114 Charles McGee

Born Clemson, South Carolina, 1924 / Lives in Detroit

“The creative mind continues always to test the parameters of conventional knowledge, forever in pursuit of new vistas. Trying to understand life, death, the totality of  existence, and the logic or order that governs our moral being is the forum from which all of my creative offerings extract meaning,” Charles McGee wrote in 1994. It is safe to say that he has lived this thought, since almost 25 years later, he is still pushing his limits as an artist. In so doing, he has changed the face of Detroit, the city he has lived in since childhood and where he has embraced intersecting careers as artist, curator, gallerist, teacher, author, and outspoken critic and champion of art in the city.

An aunt brought McGee to Detroit in 1934 from a sharecropper’s farm in South Carolina, where the uneducated boy had worked in the cotton fields. He had already shown interest in creating objects — whittling axe handles — and evinced some musical talent as well. Although encouraged to pursue the piano, he instead took every drawing and painting class available to him through the Detroit Public Library and the DIA. After service in the Marine Corps, he returned to Detroit and developed his welding and metal finishing skills at Briggs Manufacturing Company. Later he worked for the Corps of Engineers, first as a cartographer and then as a statistical draftsman. His mastery of these practical skills became the underpinning of the various approaches through which he has continually pushed and challenged himself in his studio practice.

His earliest style, realistic genre scenes delicately rendered in charcoal, showcased his ability to capture mood and subtle gesture.

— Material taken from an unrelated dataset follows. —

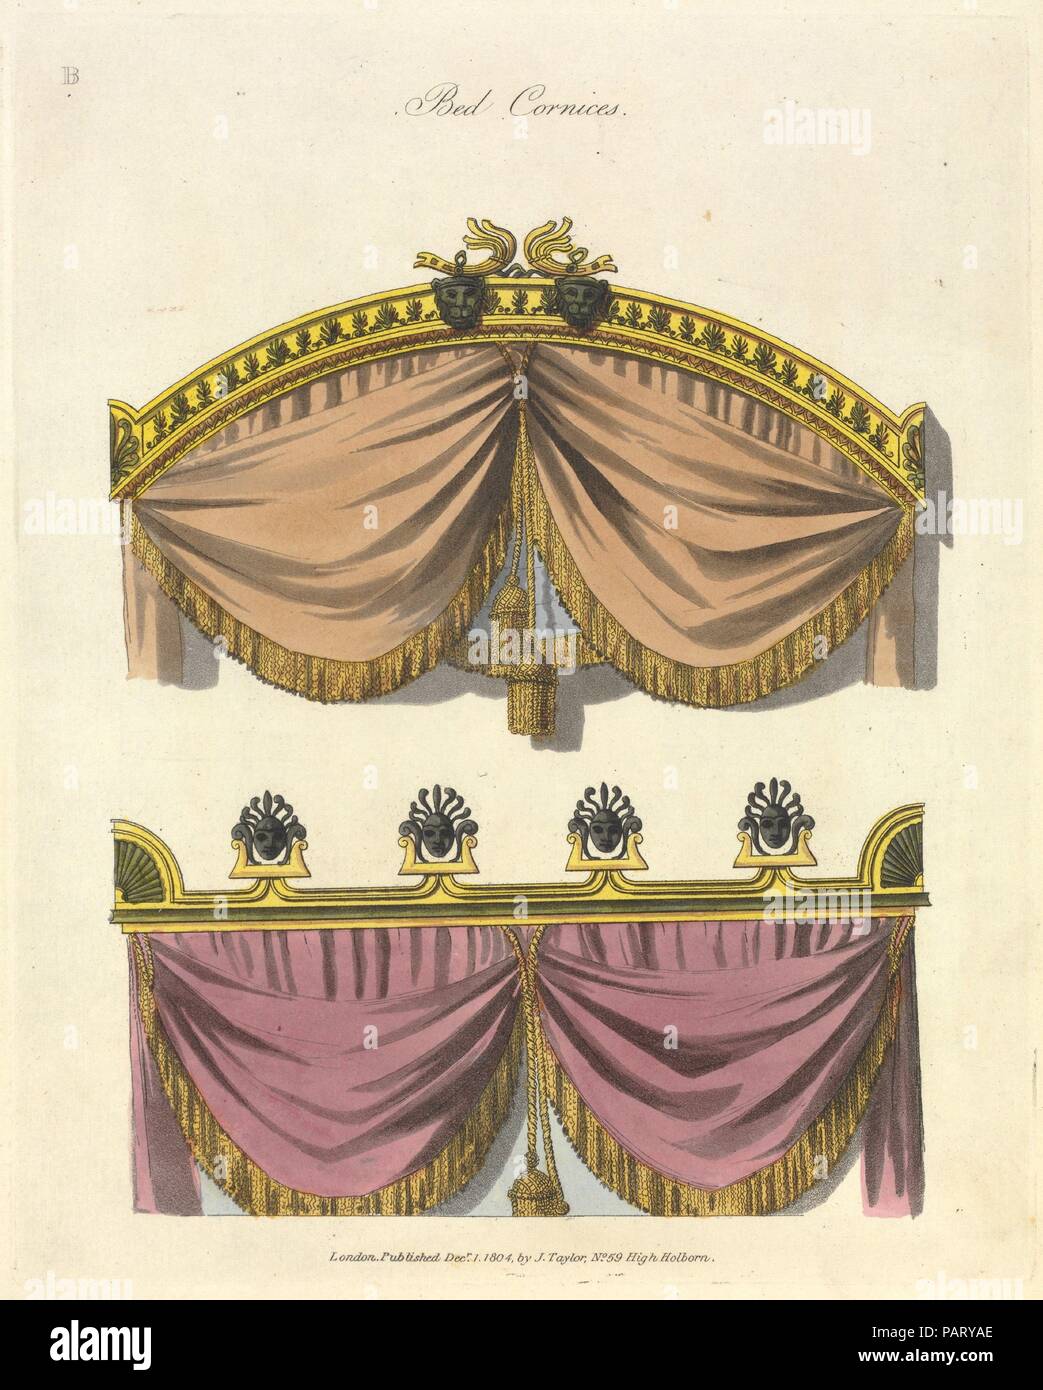 A Collection of Designs for Household Furniture and Interior Decoration, in the most approved and elegant taste. Author: Written and designed by George Smith (British, active London 1808-33). Dimensions: 11 1/16 x 9 1/8 x 1 9/16 in. (28.1 x 23.2 x 4 cm). Printer: S. Gosnell, London. Published in: London. Publisher: J. Taylor (London) at the Architectural Library. Date: 1808. Museum: Metropolitan Museum of Art, New York, USA. Stock Photo

Inspired by mid-20th century American masters such as Ben Shahn, McGee began to develop formal devices that would help to shape his art during the rest of his career: groups of figures intertwined both physically and psychologically; a tendency toward flat patterns with little or no interest in three-dimensionality; the inclusion of words or letters with images; the negotiation of space and the picture plane in opposing ways on different parts of a single composition; the relationship between color, shape, and tempo. A scene that might be taken from life, such as Ring Around The Rosy (1965), would soon be further abstracted, its shapes flattened, and its composition complicated. This bold approach would become his recognizable idiom. A detour into abstract painting and conceptual and found-object sculpture in the early 1970s produced works that spoke to the aesthetics of the period, but were short-lived in his overall body of work.

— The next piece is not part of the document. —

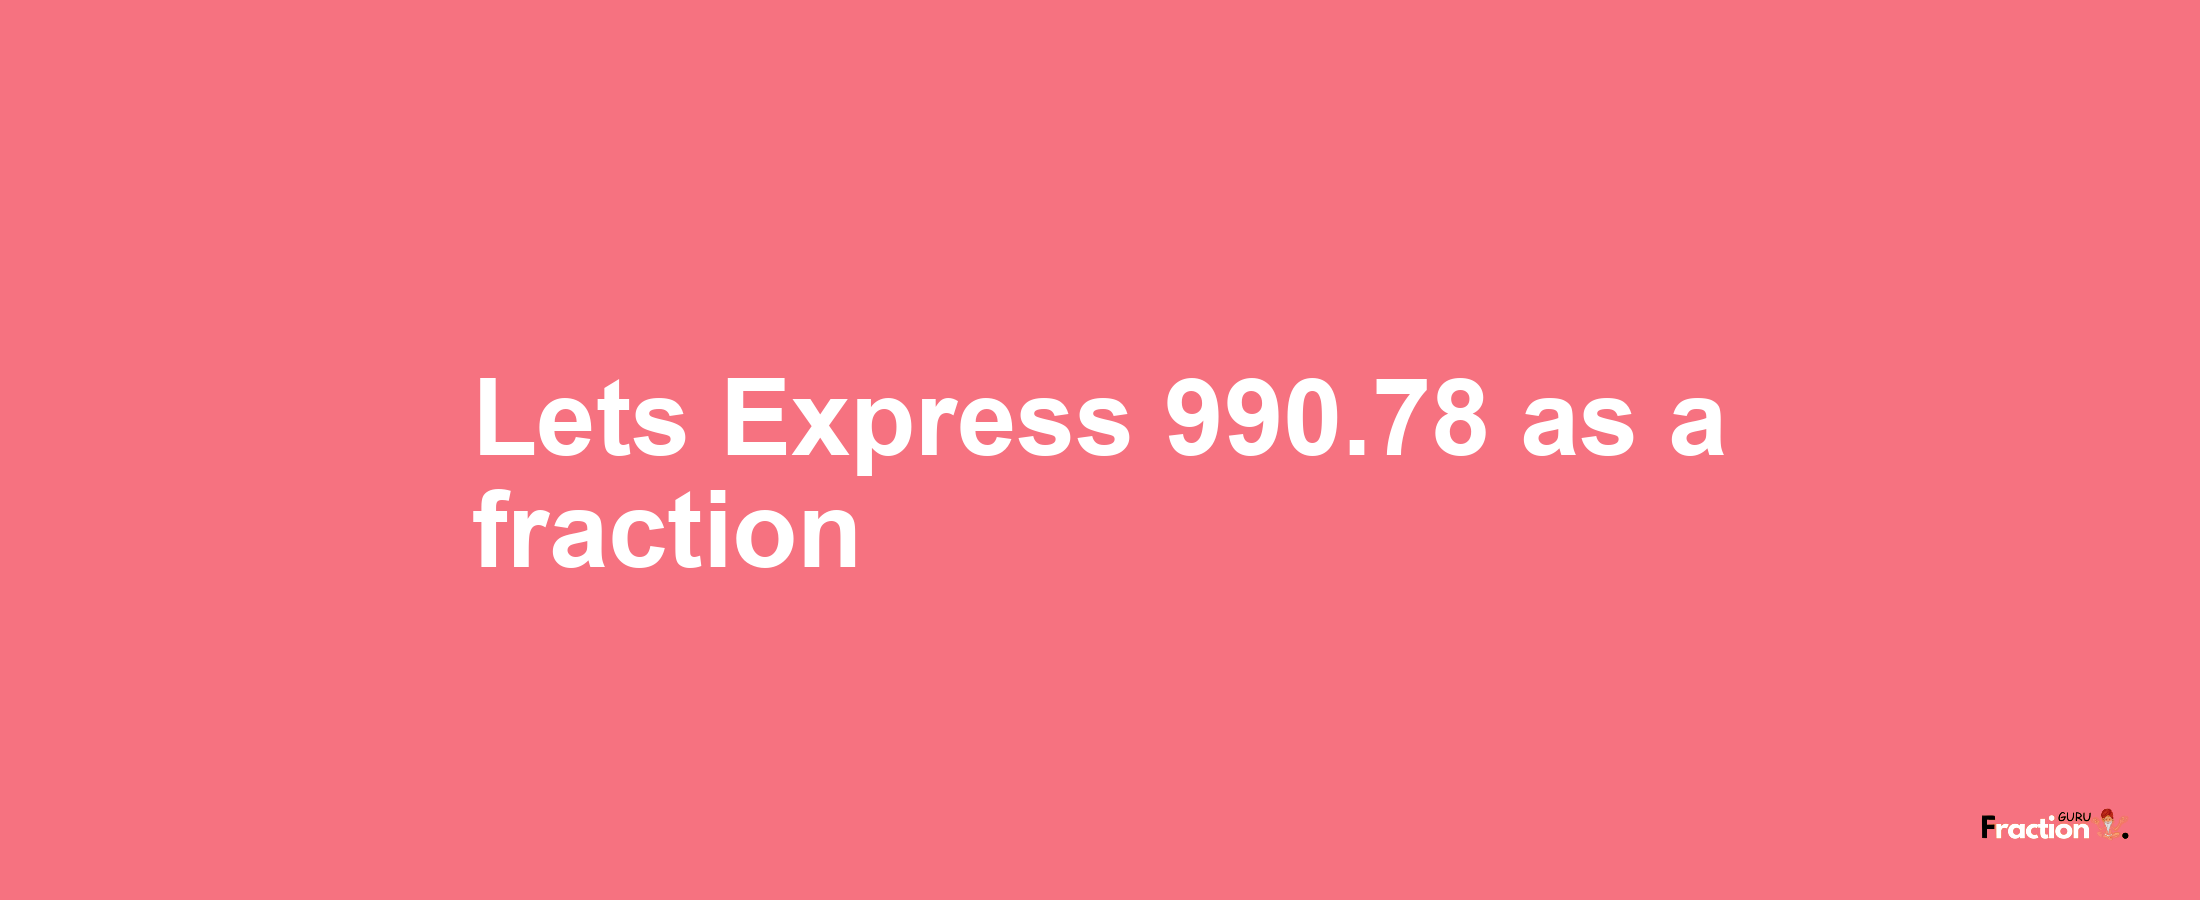 Lets Express 990.78 as afraction

By the early 1980s, McGee’s personal happiness and optimistic temperament found full expression in the sensual, musical Noah’s Ark series of paintings and collages, a theme that he continues to explore. Androgynous figures in flat black, with angular arms and legs, triangular profile heads, and dramatic gestures are intertwined with each other as well as with animals and abstract shapes. Patterns, particularly repeating ones such as dots or chevrons, fill many of the spaces, emphasizing the flatness of the shapes but also enlivening the composition with a rhythmic, almost vibrating, visual effect. A combination of painting, collaged fabric, and occasionally actual objects, these works express McGee’s joy of life, delight in nature, and belief in the interconnectedness of all things. His ongoing use of this imagery in variation suggests that it allows him both continuity and room for experimentation. In later works such as Rhapsody in Black and White (2008), he strips away color and ornament, strengthening line and increasing the density of the overlapping shapes; groups of such works are made of lightweight but rigid materials and push off the wall as low-relief sculpture. But he is just as likely to do an abrupt about-face and fabricate wall sculptures of the brilliant light and color of neon (see Noah’s Neon 1, 1995).

Working on a large scale has always appealed to McGee, both as a way to satisfy his outsized ideas and to reach the greatest number of viewers. His public works punctuate the city: The Blue Nile in the Broadway People Mover Station (1987), sculptures in various parts of the city, and two recent major works, United We Stand (2016), a 25-foot sculpture near the entrance to the Charles H. Wright Museum of African-American History, and Unity (2017), an 11-story mural on the side of the newly constructed 28Grand building downtown. Such works are the most insistent demonstration of McGee’s optimistic vision; his exuberant and vivacious visual language, developed over an extraordinary career, is a joyful paean to synthesis, multiplicity, and the intricate, syncopated rhythms of democracy.